━━━ RECORDS SUPPLIED ━━━
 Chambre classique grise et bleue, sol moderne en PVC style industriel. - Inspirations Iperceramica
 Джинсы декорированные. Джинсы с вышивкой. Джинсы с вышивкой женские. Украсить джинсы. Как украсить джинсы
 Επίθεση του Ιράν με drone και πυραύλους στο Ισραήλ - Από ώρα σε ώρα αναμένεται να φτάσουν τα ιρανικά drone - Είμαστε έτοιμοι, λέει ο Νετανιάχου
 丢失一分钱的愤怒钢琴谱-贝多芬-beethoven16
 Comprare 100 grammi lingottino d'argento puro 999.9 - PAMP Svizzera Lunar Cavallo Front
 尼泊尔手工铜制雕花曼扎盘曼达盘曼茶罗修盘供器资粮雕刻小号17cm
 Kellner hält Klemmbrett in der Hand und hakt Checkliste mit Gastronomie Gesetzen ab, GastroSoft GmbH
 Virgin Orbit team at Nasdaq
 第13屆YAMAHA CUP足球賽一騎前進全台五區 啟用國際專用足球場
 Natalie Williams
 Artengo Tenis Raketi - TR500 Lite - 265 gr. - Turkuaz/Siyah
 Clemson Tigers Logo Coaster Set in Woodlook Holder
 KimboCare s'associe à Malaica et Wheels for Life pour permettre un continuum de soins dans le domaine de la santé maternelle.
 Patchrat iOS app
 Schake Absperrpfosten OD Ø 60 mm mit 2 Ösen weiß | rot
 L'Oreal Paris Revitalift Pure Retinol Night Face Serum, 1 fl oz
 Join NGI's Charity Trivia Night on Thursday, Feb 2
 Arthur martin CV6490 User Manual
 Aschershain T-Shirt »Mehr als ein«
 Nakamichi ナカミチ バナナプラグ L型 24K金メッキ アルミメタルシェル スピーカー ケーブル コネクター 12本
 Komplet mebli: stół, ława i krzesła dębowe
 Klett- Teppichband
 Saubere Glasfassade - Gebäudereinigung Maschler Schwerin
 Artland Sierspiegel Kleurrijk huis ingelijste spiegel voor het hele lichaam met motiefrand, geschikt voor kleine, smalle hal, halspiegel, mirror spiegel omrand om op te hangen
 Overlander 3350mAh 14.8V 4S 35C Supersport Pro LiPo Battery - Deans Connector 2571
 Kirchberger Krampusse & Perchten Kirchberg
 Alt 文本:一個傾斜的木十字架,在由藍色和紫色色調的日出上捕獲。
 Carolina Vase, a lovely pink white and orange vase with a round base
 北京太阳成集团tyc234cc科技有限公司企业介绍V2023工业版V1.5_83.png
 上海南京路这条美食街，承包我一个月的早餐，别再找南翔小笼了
━━━
In full and word for word, output the entries.

### EXPECTED OUTPUT
 Chambre classique grise et bleue, sol moderne en PVC style industriel. - Inspirations Iperceramica
 Джинсы декорированные. Джинсы с вышивкой. Джинсы с вышивкой женские. Украсить джинсы. Как украсить джинсы
 Επίθεση του Ιράν με drone και πυραύλους στο Ισραήλ - Από ώρα σε ώρα αναμένεται να φτάσουν τα ιρανικά drone - Είμαστε έτοιμοι, λέει ο Νετανιάχου
 丢失一分钱的愤怒钢琴谱-贝多芬-beethoven16
 Comprare 100 grammi lingottino d'argento puro 999.9 - PAMP Svizzera Lunar Cavallo Front
 尼泊尔手工铜制雕花曼扎盘曼达盘曼茶罗修盘供器资粮雕刻小号17cm
 Kellner hält Klemmbrett in der Hand und hakt Checkliste mit Gastronomie Gesetzen ab, GastroSoft GmbH
 Virgin Orbit team at Nasdaq
 第13屆YAMAHA CUP足球賽一騎前進全台五區 啟用國際專用足球場
 Natalie Williams
 Artengo Tenis Raketi - TR500 Lite - 265 gr. - Turkuaz/Siyah
 Clemson Tigers Logo Coaster Set in Woodlook Holder
 KimboCare s'associe à Malaica et Wheels for Life pour permettre un continuum de soins dans le domaine de la santé maternelle.
 Patchrat iOS app
 Schake Absperrpfosten OD Ø 60 mm mit 2 Ösen weiß | rot
 L'Oreal Paris Revitalift Pure Retinol Night Face Serum, 1 fl oz
 Join NGI's Charity Trivia Night on Thursday, Feb 2
 Arthur martin CV6490 User Manual
 Aschershain T-Shirt »Mehr als ein«
 Nakamichi ナカミチ バナナプラグ L型 24K金メッキ アルミメタルシェル スピーカー ケーブル コネクター 12本
 Komplet mebli: stół, ława i krzesła dębowe
 Klett- Teppichband
 Saubere Glasfassade - Gebäudereinigung Maschler Schwerin
 Artland Sierspiegel Kleurrijk huis ingelijste spiegel voor het hele lichaam met motiefrand, geschikt voor kleine, smalle hal, halspiegel, mirror spiegel omrand om op te hangen
 Overlander 3350mAh 14.8V 4S 35C Supersport Pro LiPo Battery - Deans Connector 2571
 Kirchberger Krampusse & Perchten Kirchberg
 Alt 文本:一個傾斜的木十字架,在由藍色和紫色色調的日出上捕獲。
 Carolina Vase, a lovely pink white and orange vase with a round base
 北京太阳成集团tyc234cc科技有限公司企业介绍V2023工业版V1.5_83.png
 上海南京路这条美食街，承包我一个月的早餐，别再找南翔小笼了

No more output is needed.